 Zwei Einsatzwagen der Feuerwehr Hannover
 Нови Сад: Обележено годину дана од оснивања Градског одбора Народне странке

---

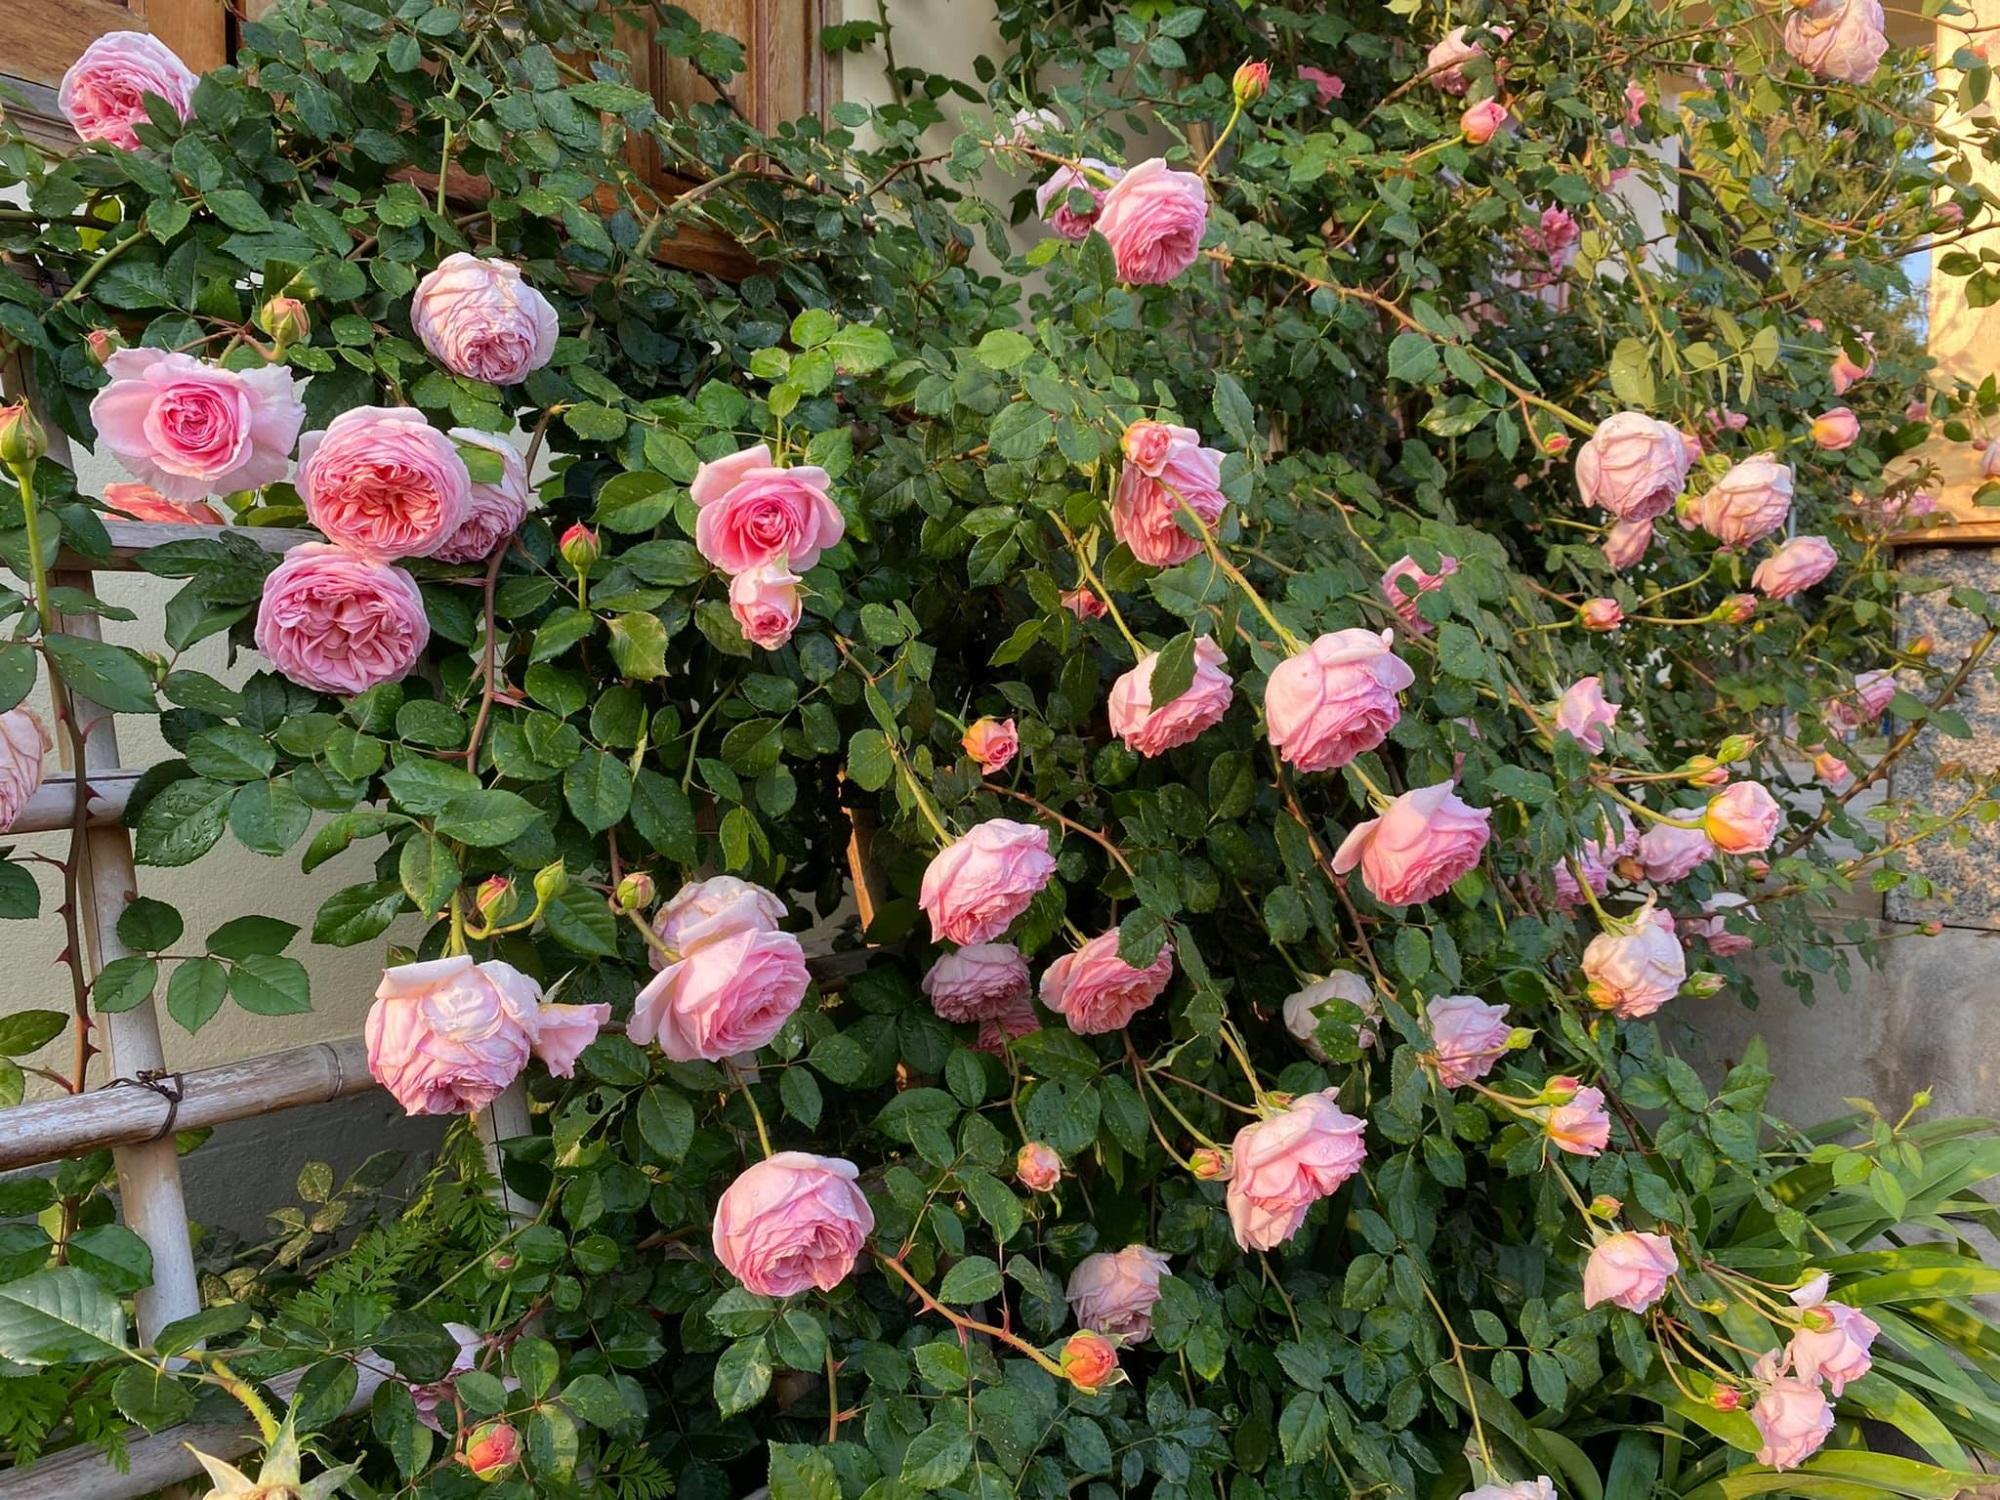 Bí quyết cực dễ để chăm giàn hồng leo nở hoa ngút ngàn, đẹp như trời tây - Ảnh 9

• Exercise objective:
Find where the line with "Zwei Einsatzwagen der Feuerwehr Hannover" sits in the material above, then copy exactly from it through the line with "Нови Сад: Обележено". Add no other line.

• Answer box:
 Zwei Einsatzwagen der Feuerwehr Hannover
 Нови Сад: Обележено годину дана од оснивања Градског одбора Народне странке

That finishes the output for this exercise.